**STORED DATA:**
============
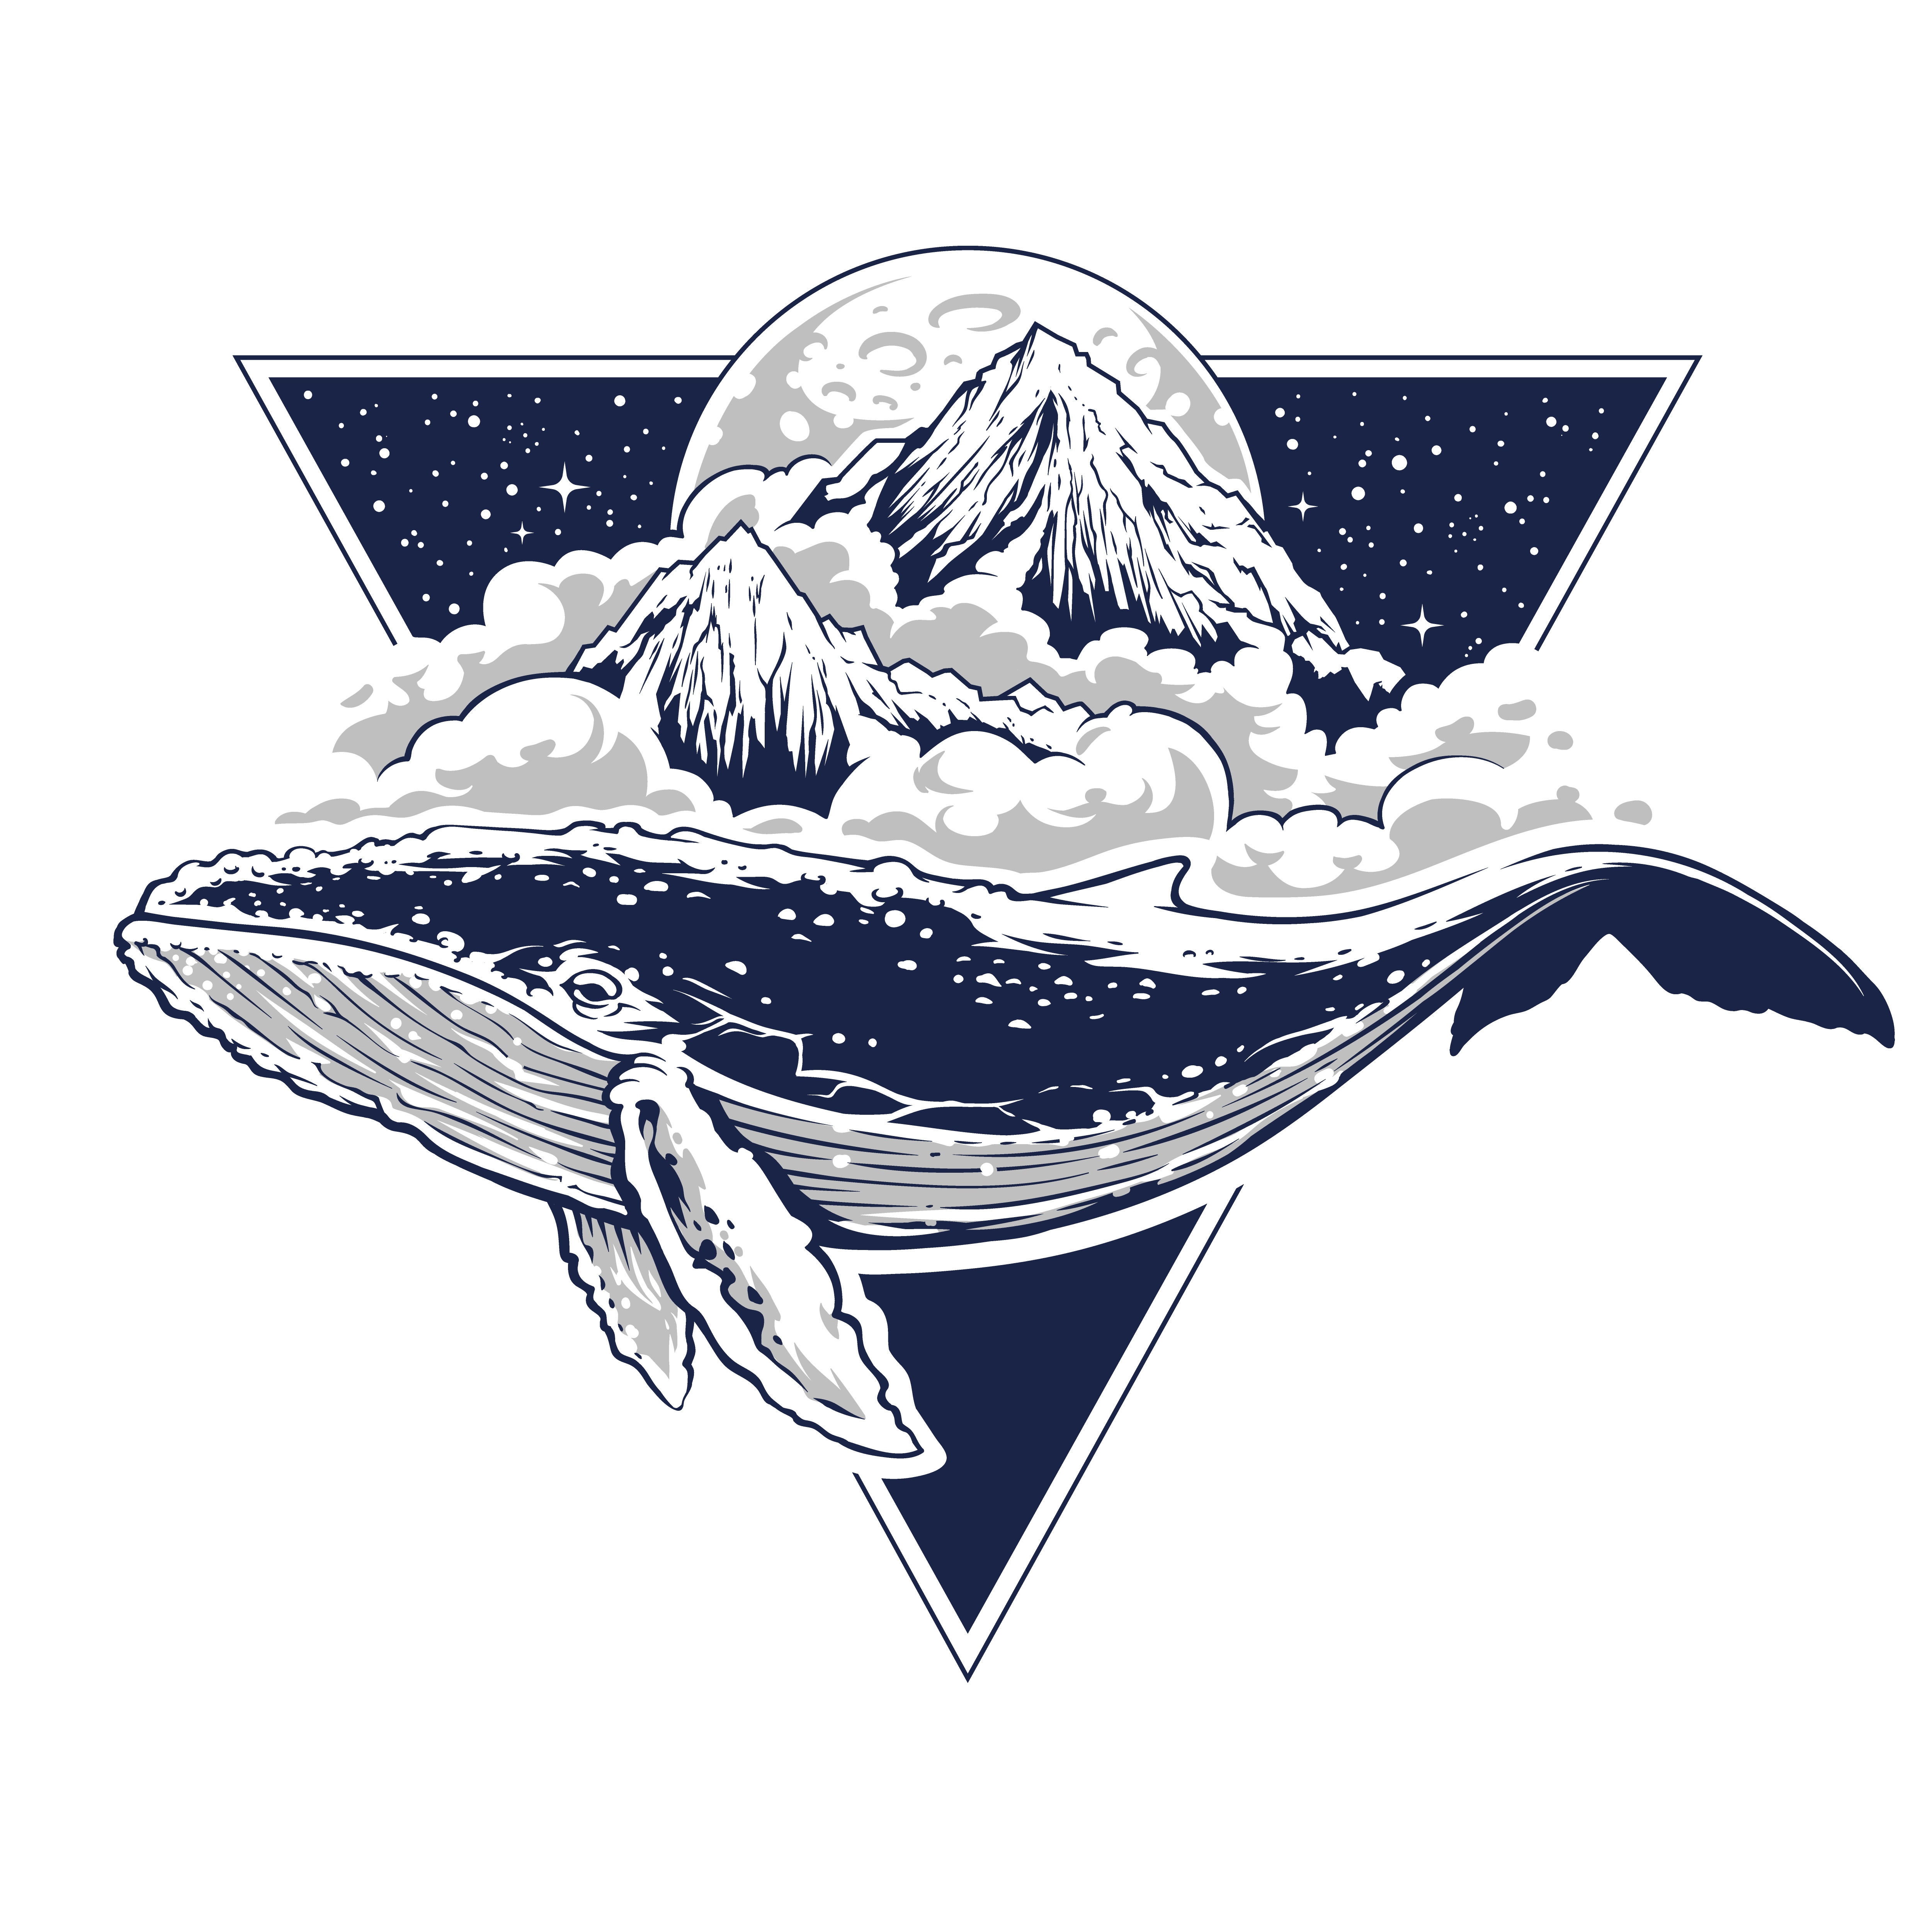 Whale Surreal Vector Art - Download Free Vector Art, Stock ...
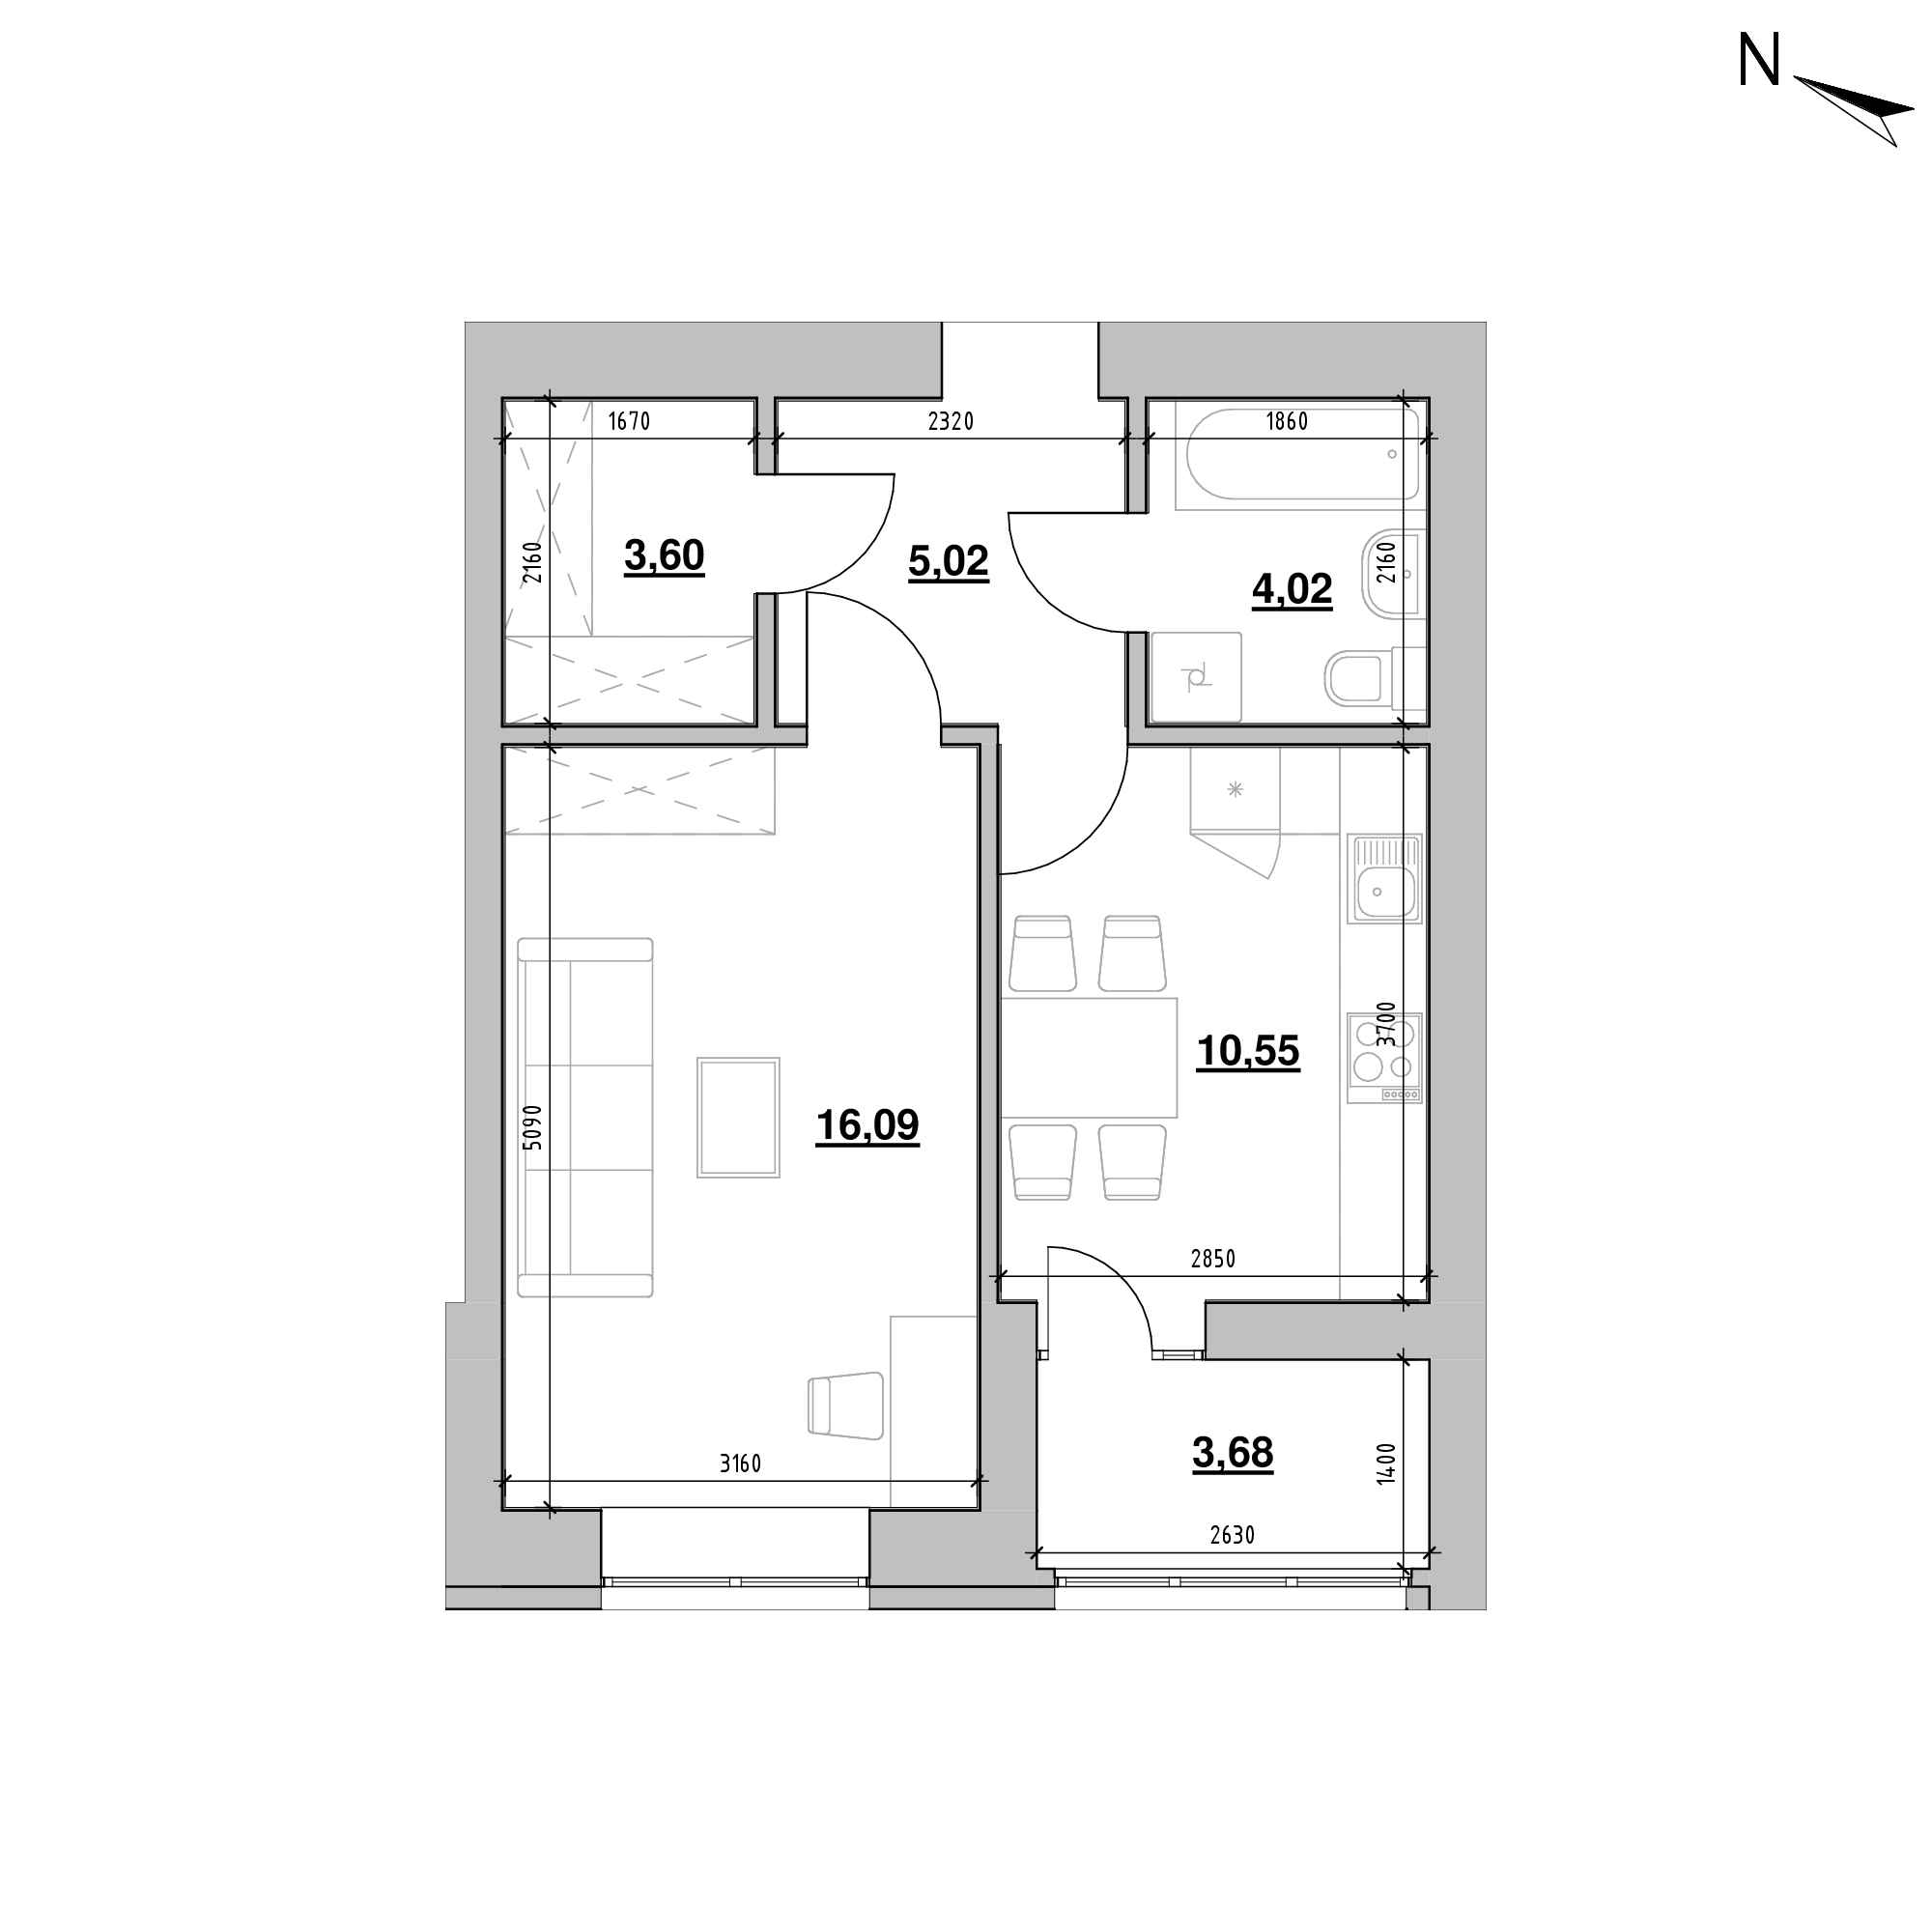 ЖК Шенген: планування 1-кімнатної квартири, №59, 42.96 м<sup>2</sup>
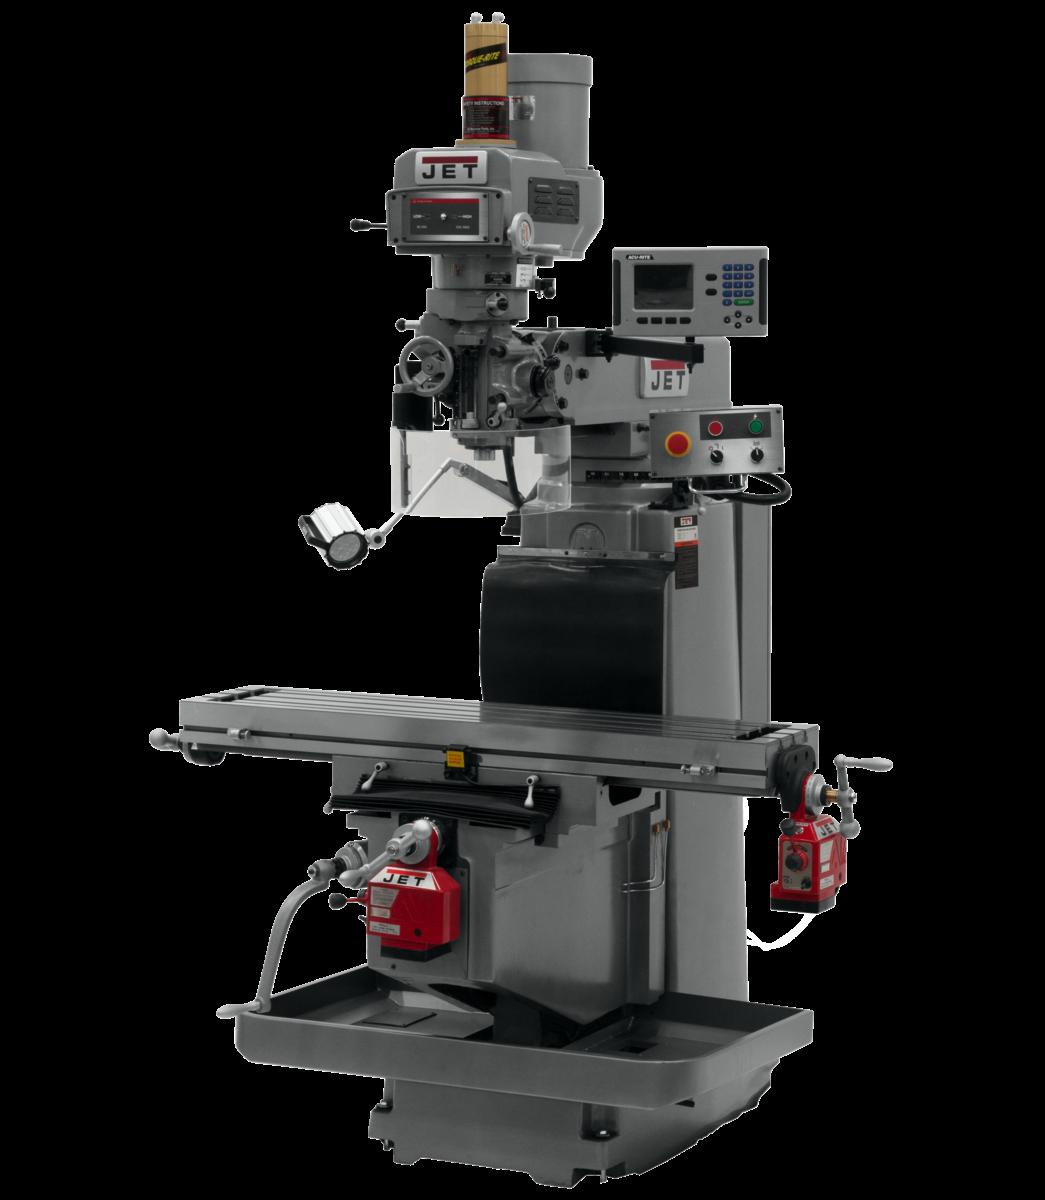 JTM-1254RVS with  ACU-RITE 203 DRO X & Y Powerfeeds & Air Power Drawbar
============
**PROBLEM DETAILS:**
The material above must be printed exactly, with its pictures left out.

**SOLUTION:**
 Whale Surreal Vector Art - Download Free Vector Art, Stock ...
 ЖК Шенген: планування 1-кімнатної квартири, №59, 42.96 м<sup>2</sup>
 JTM-1254RVS with  ACU-RITE 203 DRO X & Y Powerfeeds & Air Power Drawbar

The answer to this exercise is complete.